** Work request **
Lines from the one containing "еще картинки маски" through the end of the listing are what is wanted, given again exactly with both ends included and pictures left out.
── Data excerpt ──
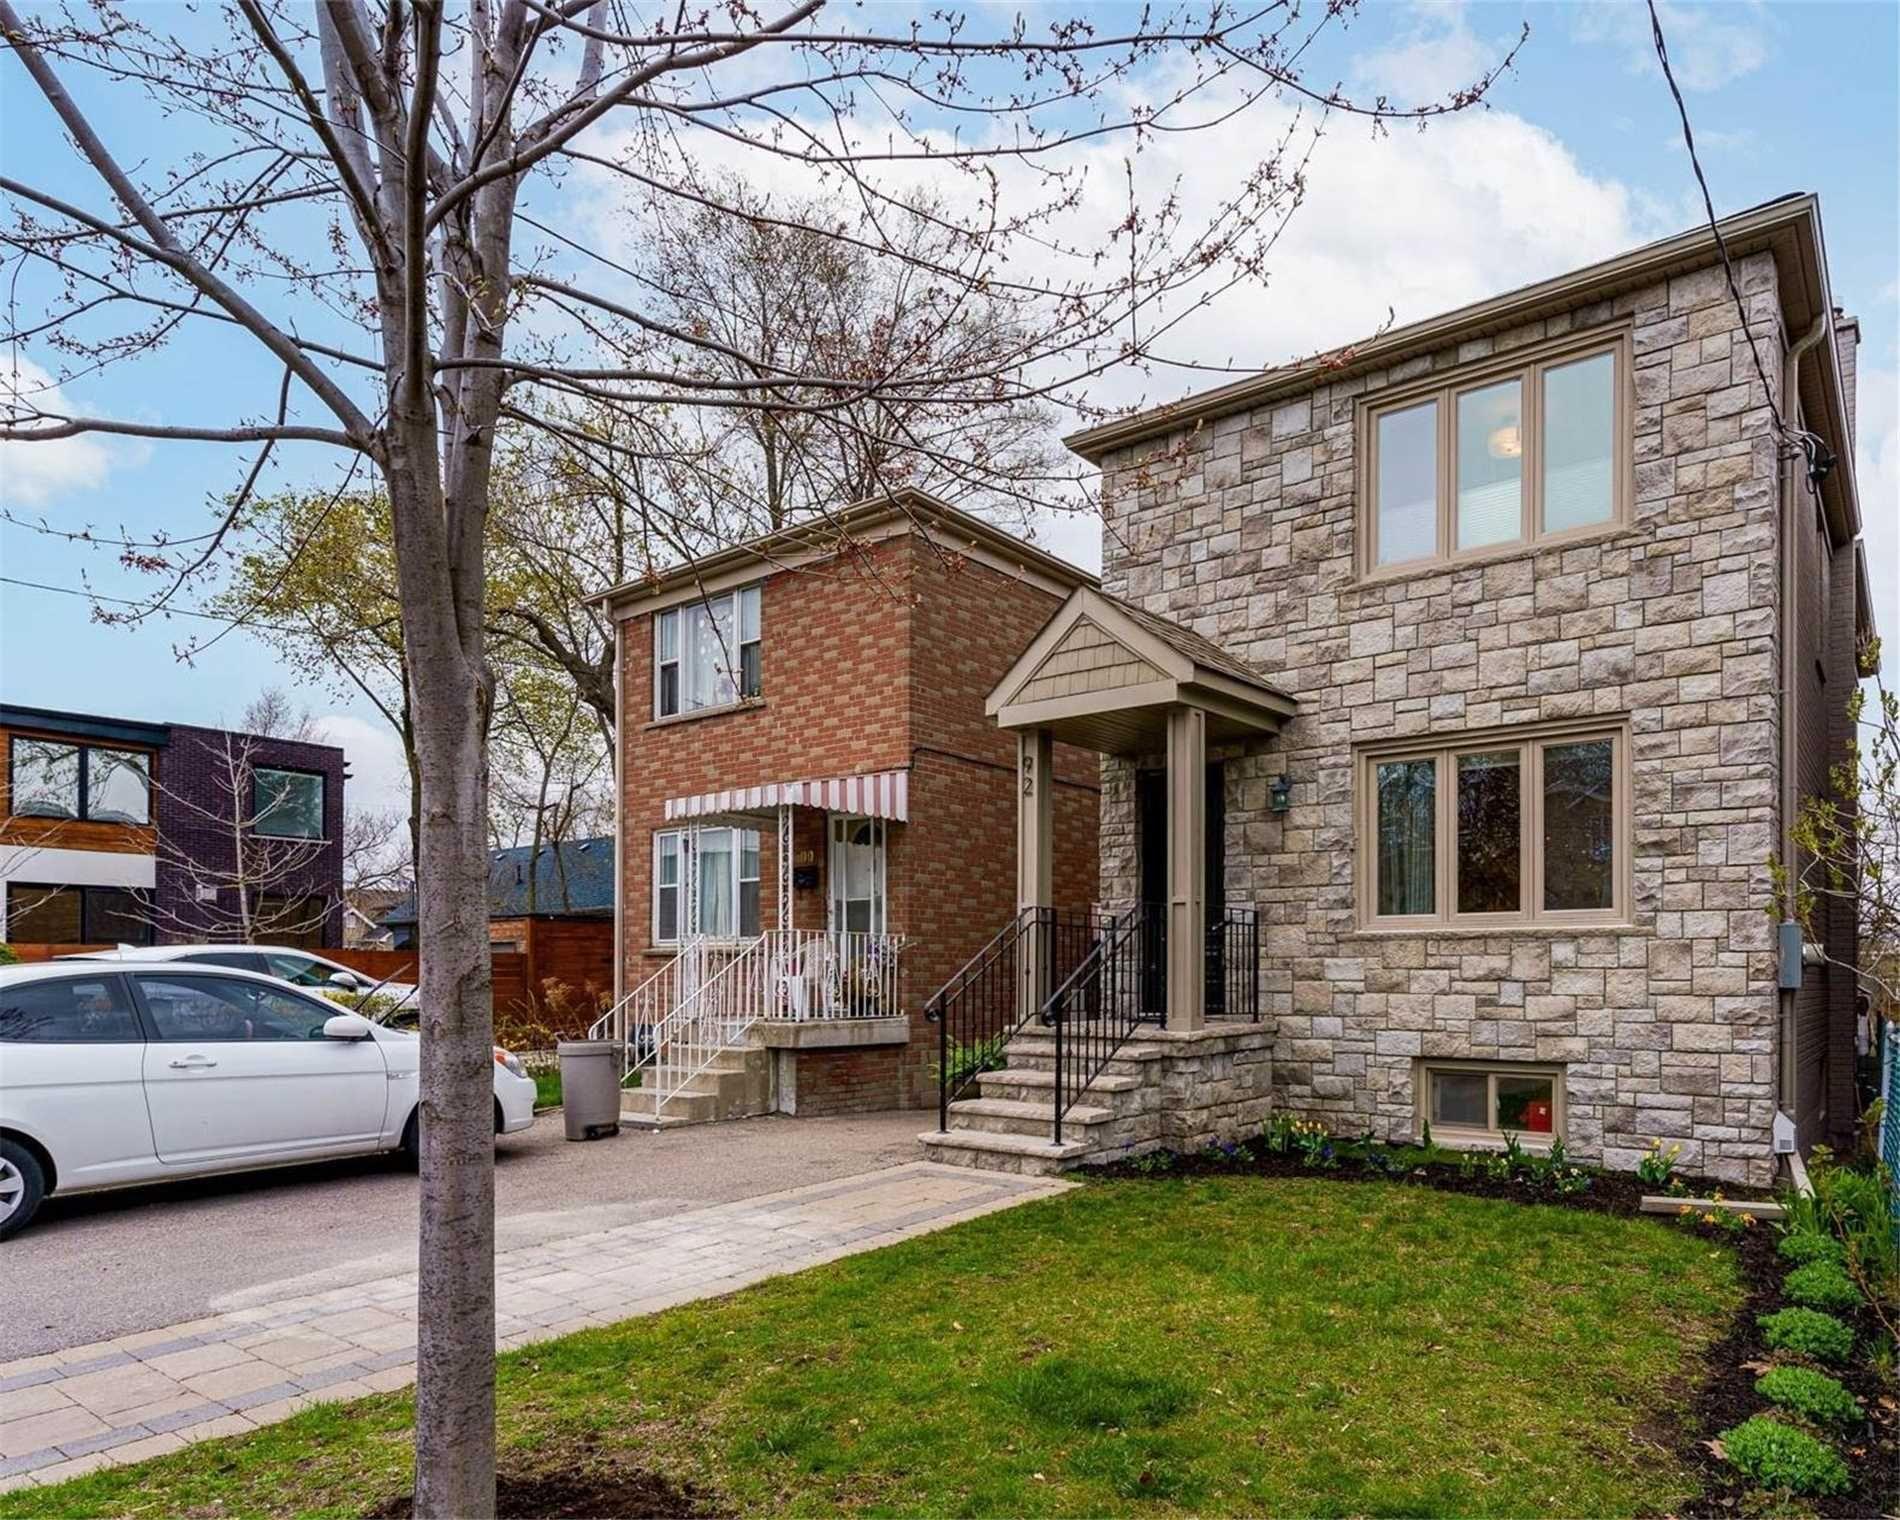 Photo 39: Photos: 92 Holborne Avenue in Toronto: Danforth Village-East York House (2-Storey) for sale (Toronto E03)  : MLS®# E5204452
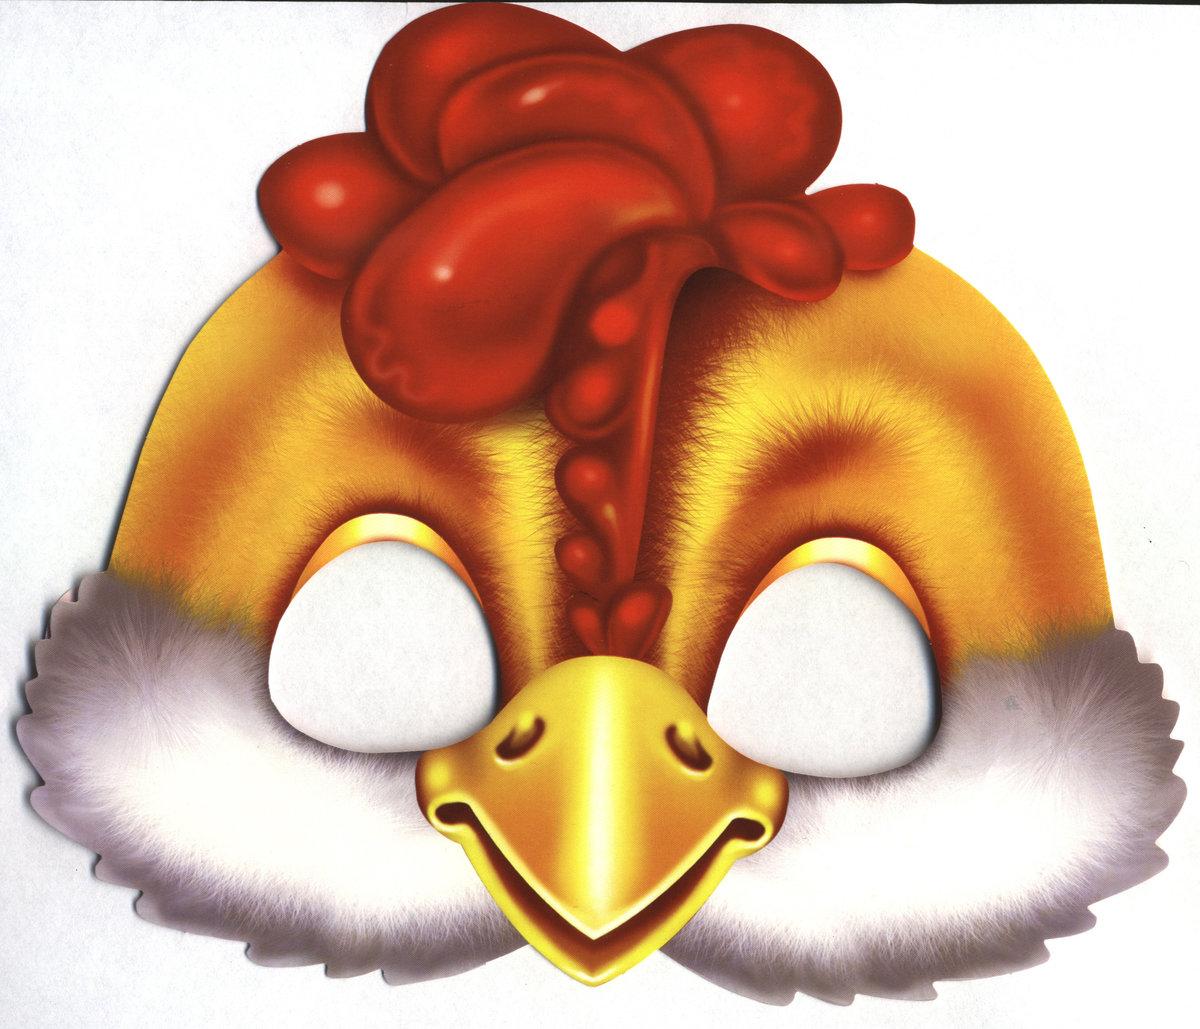 еще картинки маски курицы на голову агентств недвижимости
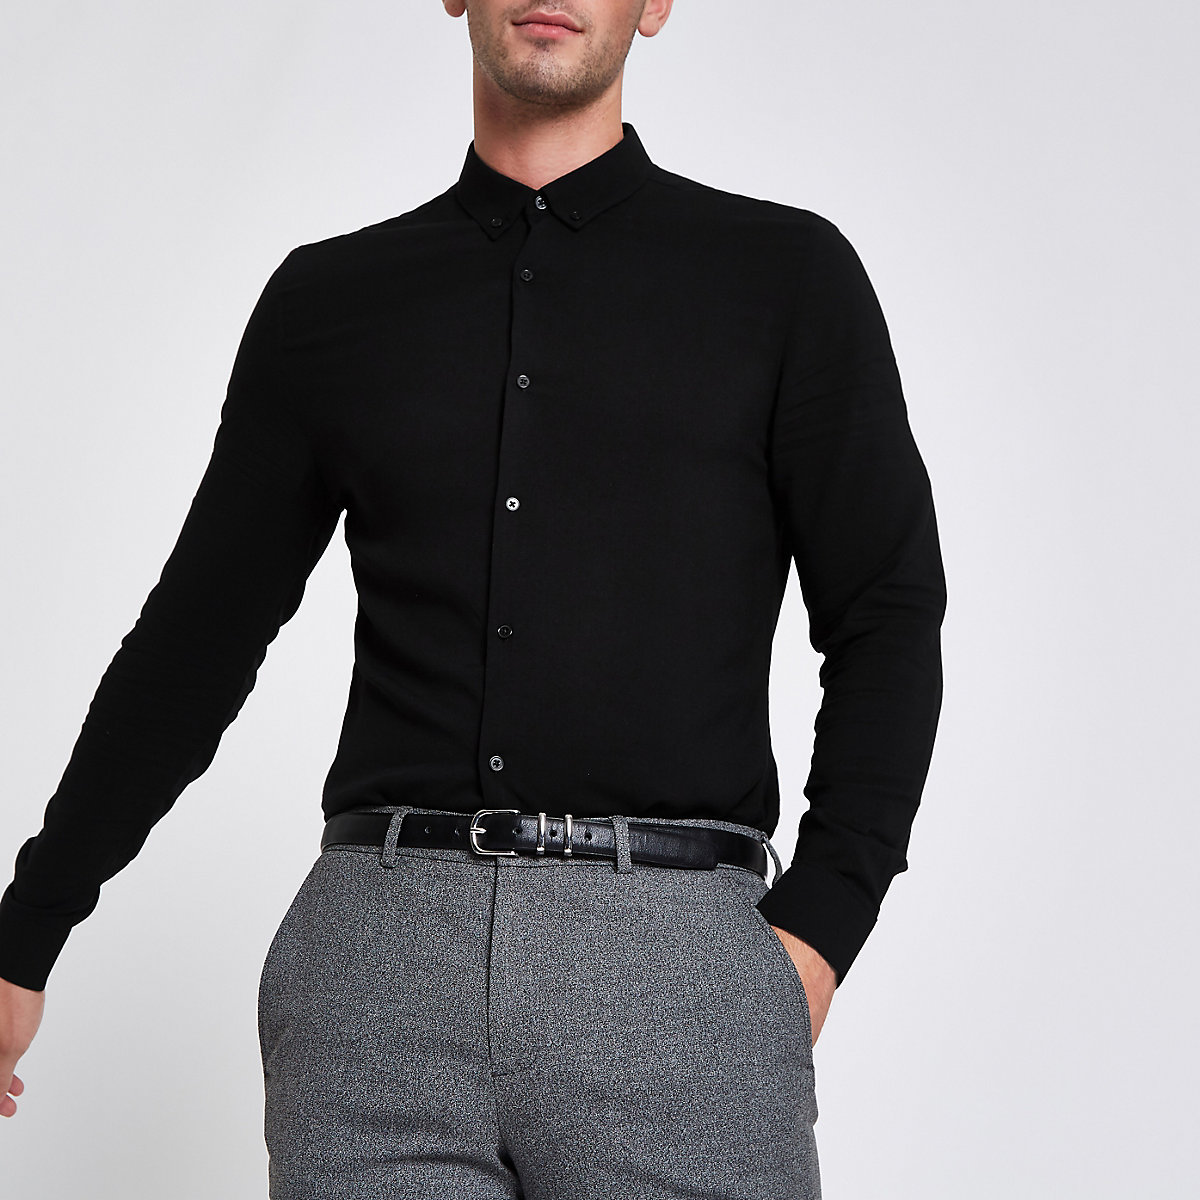 Black Button Down Long Sleeve Shirt
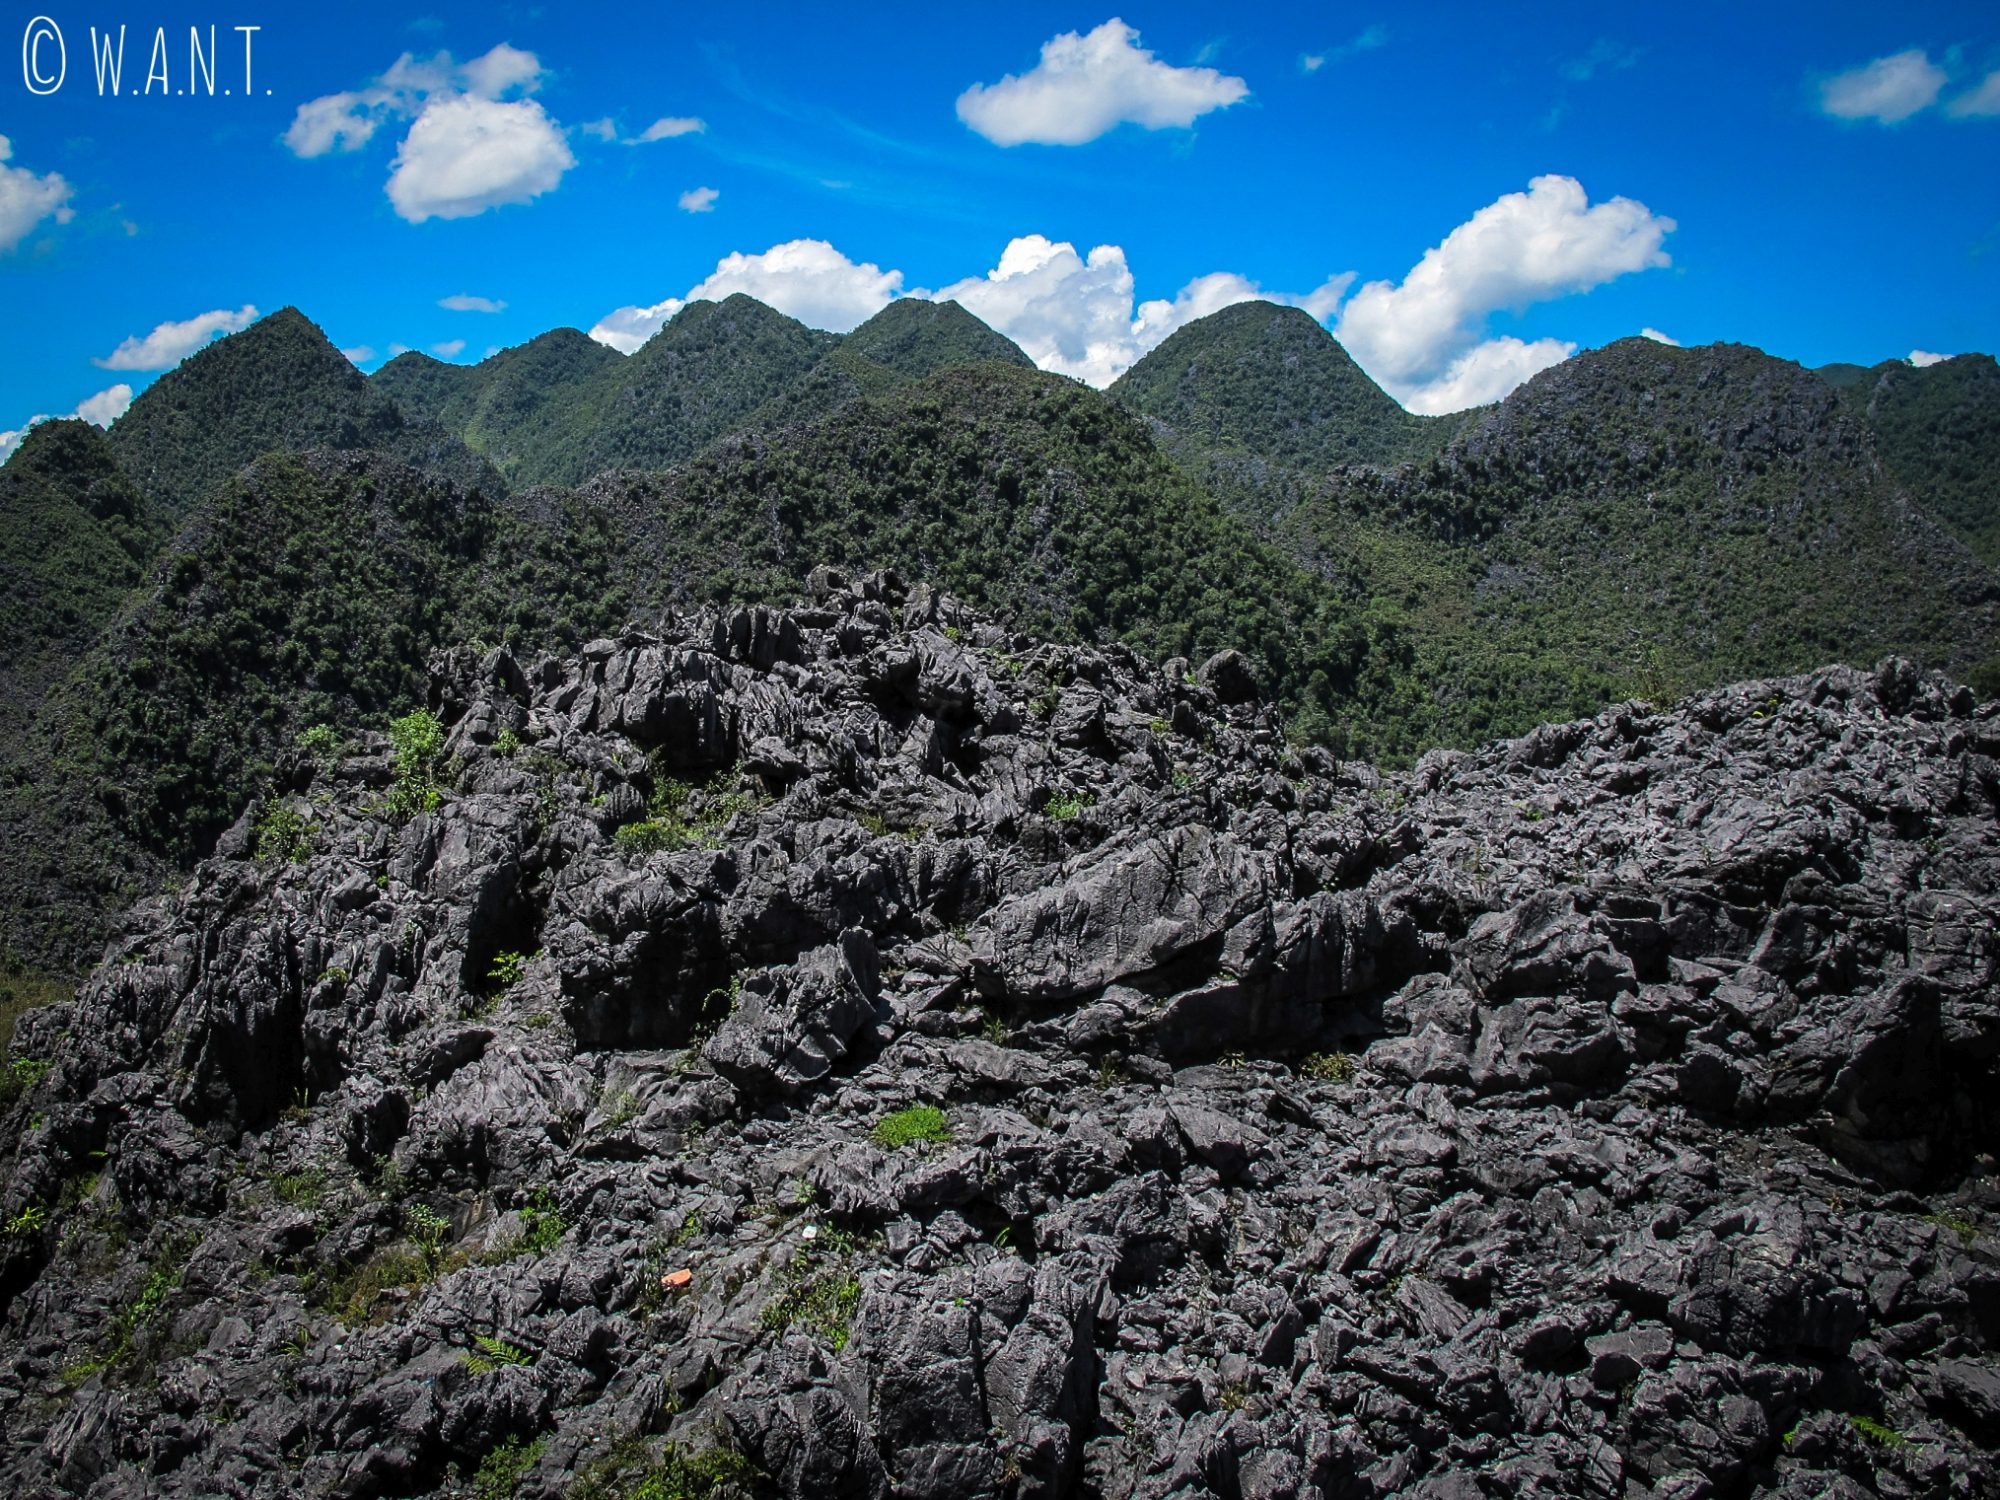 Paysage de roche noire saillante entre Dong Van et Sa Phin
───
** Exercise result **
 еще картинки маски курицы на голову агентств недвижимости
 Black Button Down Long Sleeve Shirt
 Paysage de roche noire saillante entre Dong Van et Sa Phin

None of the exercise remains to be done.